CSC 523, Scripting for Data & Analysis, Fall 2023, Assignment 4

CSC 523 - Advanced DataMine for Scientific Data Science, Fall 2023, M 6-8:45 PM, Old Main 158.

Assignment 4 Specification, code & README.txt are due by end of Friday December 8 via make turnitin on acad or mcgonagall.

DUE DATE MOVED TO END OF SUNDAY DEC 10 due to a glitch in access to student file system.
Even if you cannot see your files on acad, a student has informed me that ssh'ing into mcgonagall works OK.

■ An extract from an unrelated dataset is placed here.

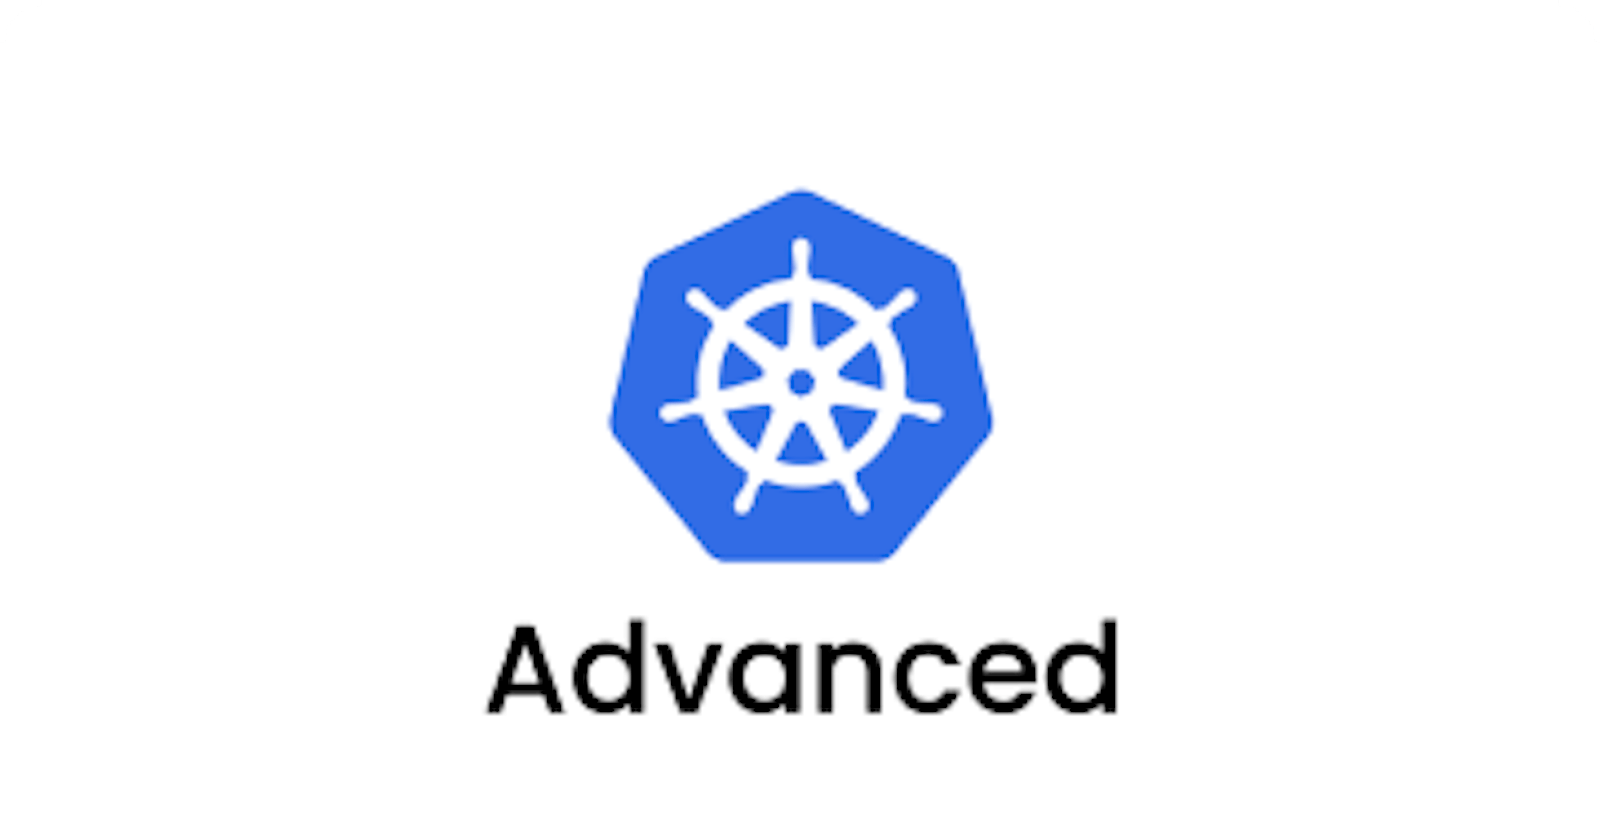 The Next Frontier: Advancing Your Kubernetes Knowledge

     Do not round the return result from calling mean(history) in makeAveragingClosure(Nyears, attributeColumnNumber)'s
        nested closure function averager(row). The comments are correct with no rounding, which will give a diff.
        Here is what my code does: return mean(history)

11/27 Clarification regarding line 458 in handout file :
457 #   Dr. Parson is supplying the code for '_sm6' and '_sm4' STEP 4.
458     for CSVfileName in CSV2data.keys():
459         for trender, dataIndex in (('_sm6', 6), ('_sm4', 8)):
If you do a copy, paste, & edit of my STUDENT 4 portion, just use the loop starting at line 459 above.
Do not copy "for CSVfileName in CSV2data.keys():". Your loop must nest inside that outer loop, just
like my "for trender, dataIndex in (('_sm6', 6), ('_sm4', 8)):" loop does.

Also, thanks to the student who identified in class that "CSV2data.keys()" returns the keys in order of
insertion. There is no need to sort them to maintain deterministic order, which matters for the traceFile.
Line 458 is already deterministic. (<<< See linked URL.)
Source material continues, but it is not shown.